Yukarıdaki yönteme göre B(a)P'nin indüklediği kanser modeli fareler, Şekil 4A'da gösterildiği gibi rastgele altı gruba ayrıldı.G-Rg3 tedavi grubunda kontrol grubuyla karşılaştırıldığında anlamlı bir kilo kaybı veya klinik toksisite belirtileri gözlenmedi (veriler gösterilmemiştir).20 haftalık tedavinin ardından her farenin akciğerleri toplandı.Şekil 4B, yukarıdaki tedavi gruplarındaki farelerdeki makroskopik akciğer tümörlerini gösterir ve Şekil 4C, temsili bir tümörün temsili bir ışık mikrografını gösterir.Her gruptaki tümör yüküne ilişkin olarak (Şekil 4D), G-Rg3r ve G-Rg3'lerle tedavi edilen farelerin değerleri sırasıyla 0,75 ± 0,29 mm3 ve 0,81 ± 0,30 mm3 iken, tedavi edilen G Farelerin değerleri -Rg3'lerle sırasıyla 1,63 ±0,40 mm3 idi.kontrol fareleri (p < 0.001), bu da G-Rg3 tedavisinin farelerde tümör yükünü azalttığını gösterir.Verapamil uygulanması bu azalmayı daha da arttırdı: verapamil+ G-Rg3r farelerindeki değerler 0,75 ± 0,29 mm3'ten 0,33 ± 0,25 mm3'e (p < 0,01) düştü ve verapamil+ için 0,81 ± 0,30 mm3'ten değerler 0,29 ± 0,21'e düştü G.-Rg3s ile tedavi edilen farelerde mm3 (p < 0.05), bu da verapamilin G-Rg3'ün tümör oluşumu üzerindeki önleyici etkisini artırabileceğini gösterir.Tümör yükü, kontrol grubu ile verapamil grubu, G-Rg3r grubu ile G-Rg3s grubu ve verapamil+G-Rg3r grubu ile verapamil+G-Rg3s grubu arasında anlamlı bir fark göstermedi.Ayrıca değerlendirilen tedavilerle ilişkili önemli bir karaciğer veya böbrek toksisitesi yoktu (Şekil 4E,F).

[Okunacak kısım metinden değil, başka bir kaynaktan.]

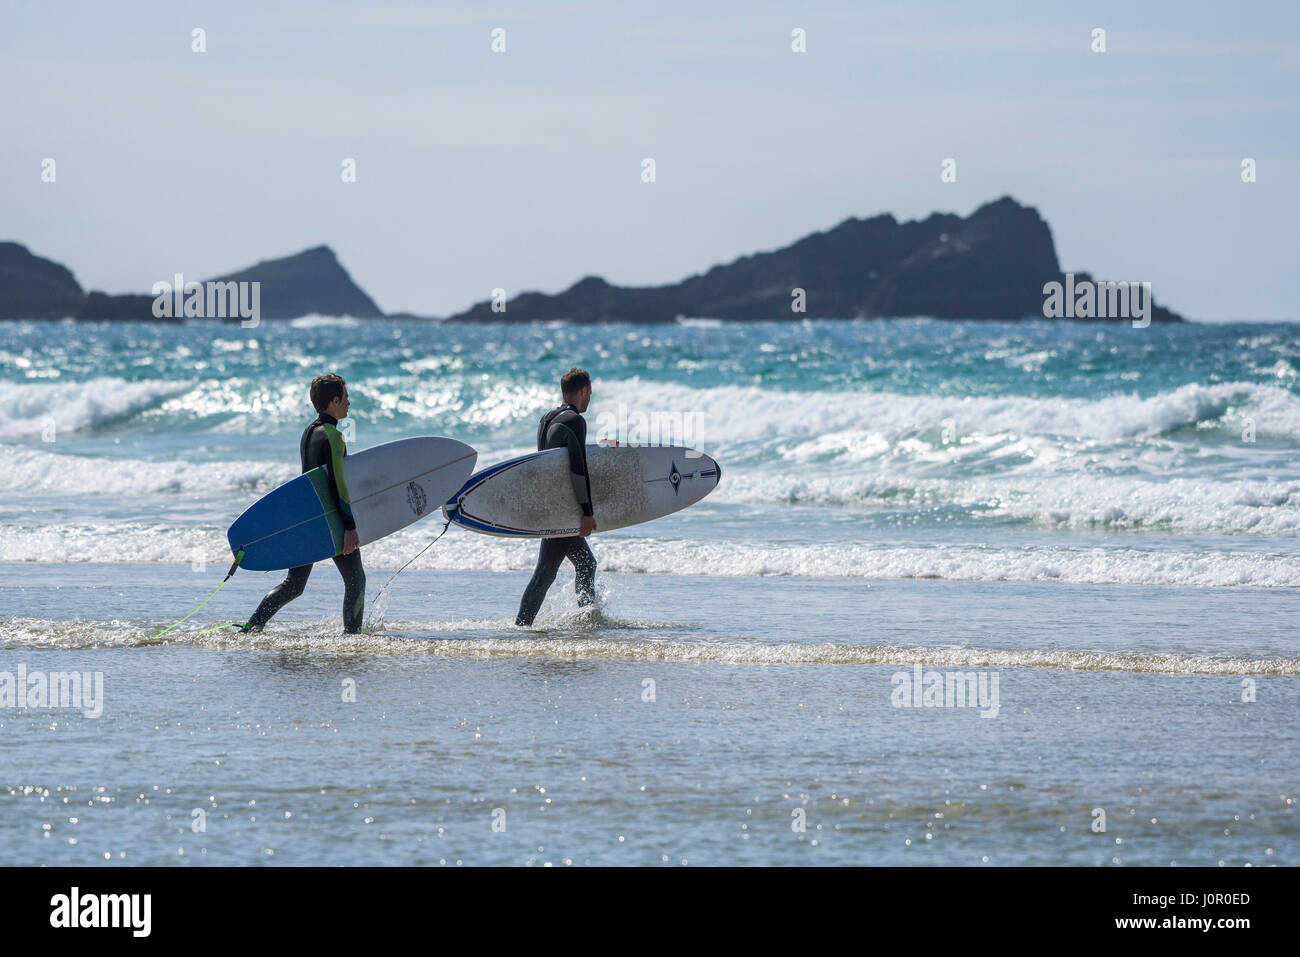 UK surf plage de Fistral Newquay Surfers marcher dans la mer transportant des planches de surf Watersport tourisme balnéaire Plage Vacances Locations Banque D'Images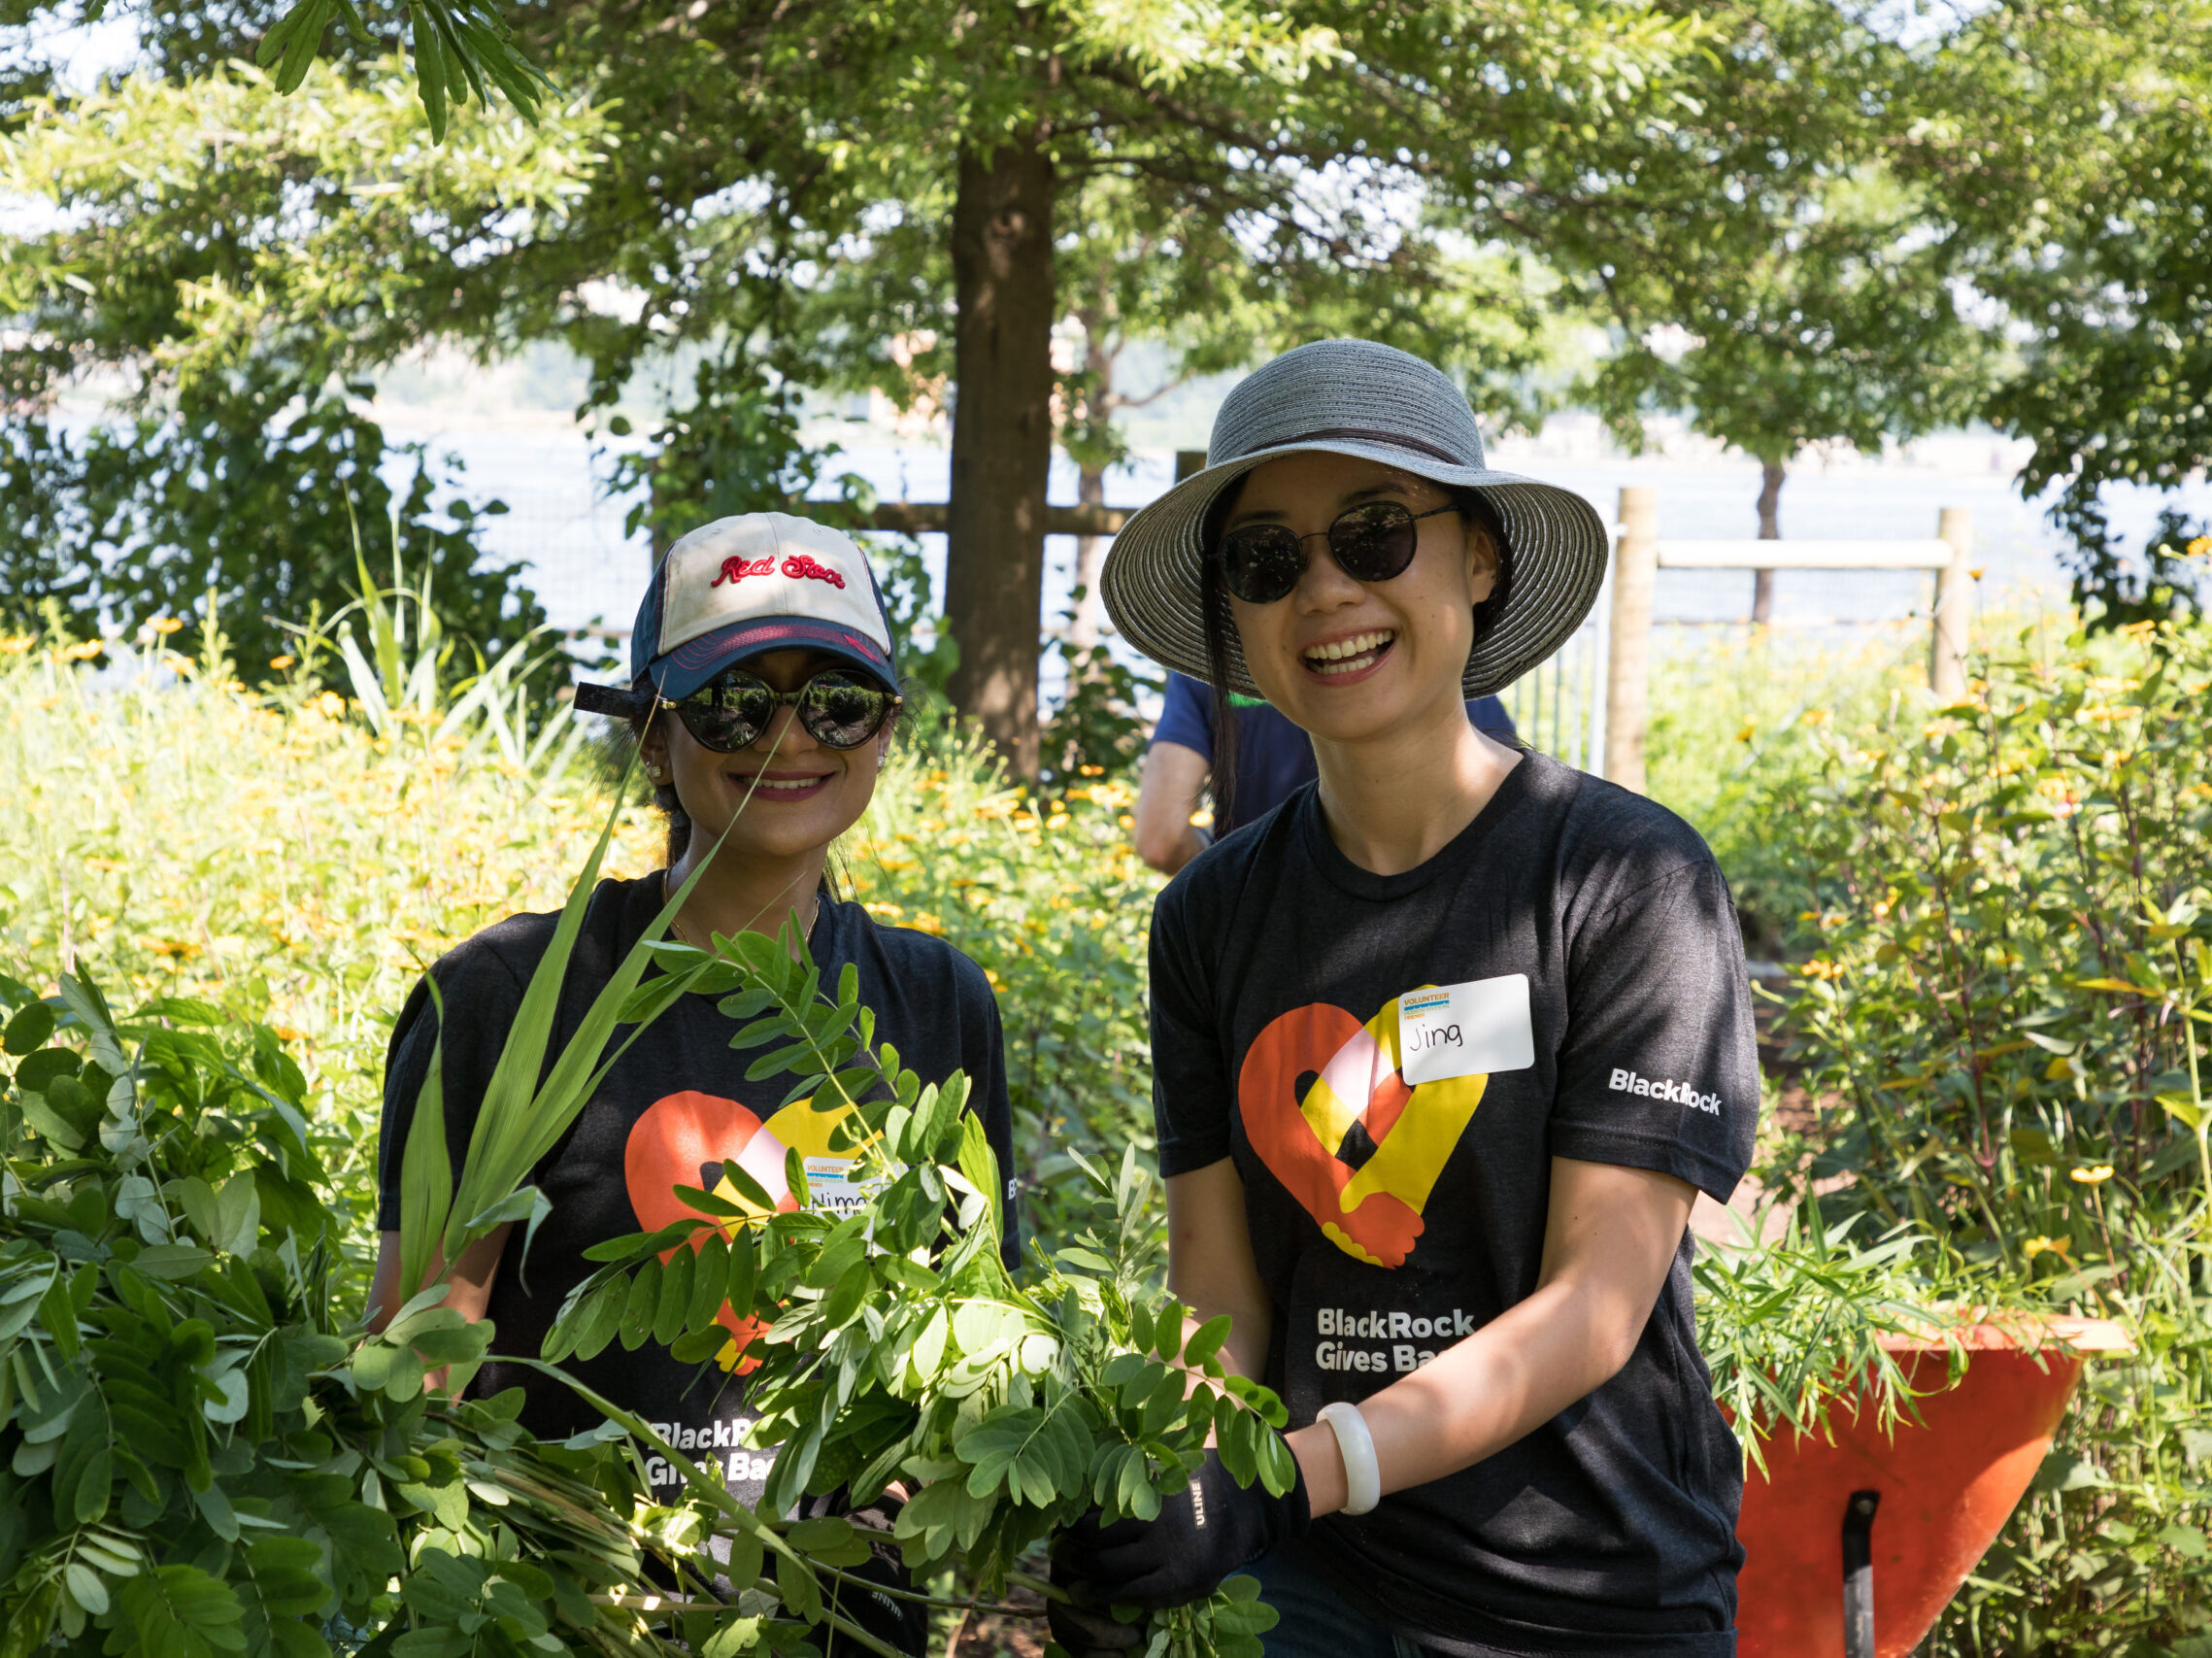 Two volunteer gardeners help at the community garden

Belirtilen gruplarda G-Rg3 tedavisinden sonra tümör yükü ve plazma veya bağırsak G-Rg3r ve G-Rg3 seviyeleri.(A) Deneysel tasarım.(B) Fare modelindeki makroskopik tümörler.Tümörler oklarla gösterilmiştir.a: G-Rg3r.b: G-Rg3'ler.c: Verapamil ile kombinasyon halinde G-Rg3r.d: Verapamil ile kombinasyon halinde G-Rg3.d: Verapamil.e: kontrol.(C) Tümörün büyütülmüş optik mikrografı.Cevap: 100x.b: 400X.(D) A/J farelerinde G-Rg3 + verapamil tedavisinin tümör yükü üzerindeki etkisi.(E) Karaciğer enzimi ALT'nin plazma seviyeleri.(F) Böbrek enzimi Cr'nin plazma seviyeleri.(G) Belirtilen grupların G-Rg3r veya G-Rg3'ün plazma seviyeleri.(H) Belirtilen grupların bağırsaklarındaki G-Rg3r veya G-Rg3 seviyeleri.Veriler, üçlü belirlemelerin ortalama ± standart sapması olarak ifade edilir.*P <0,05, **P <0,01, ***P <0,001.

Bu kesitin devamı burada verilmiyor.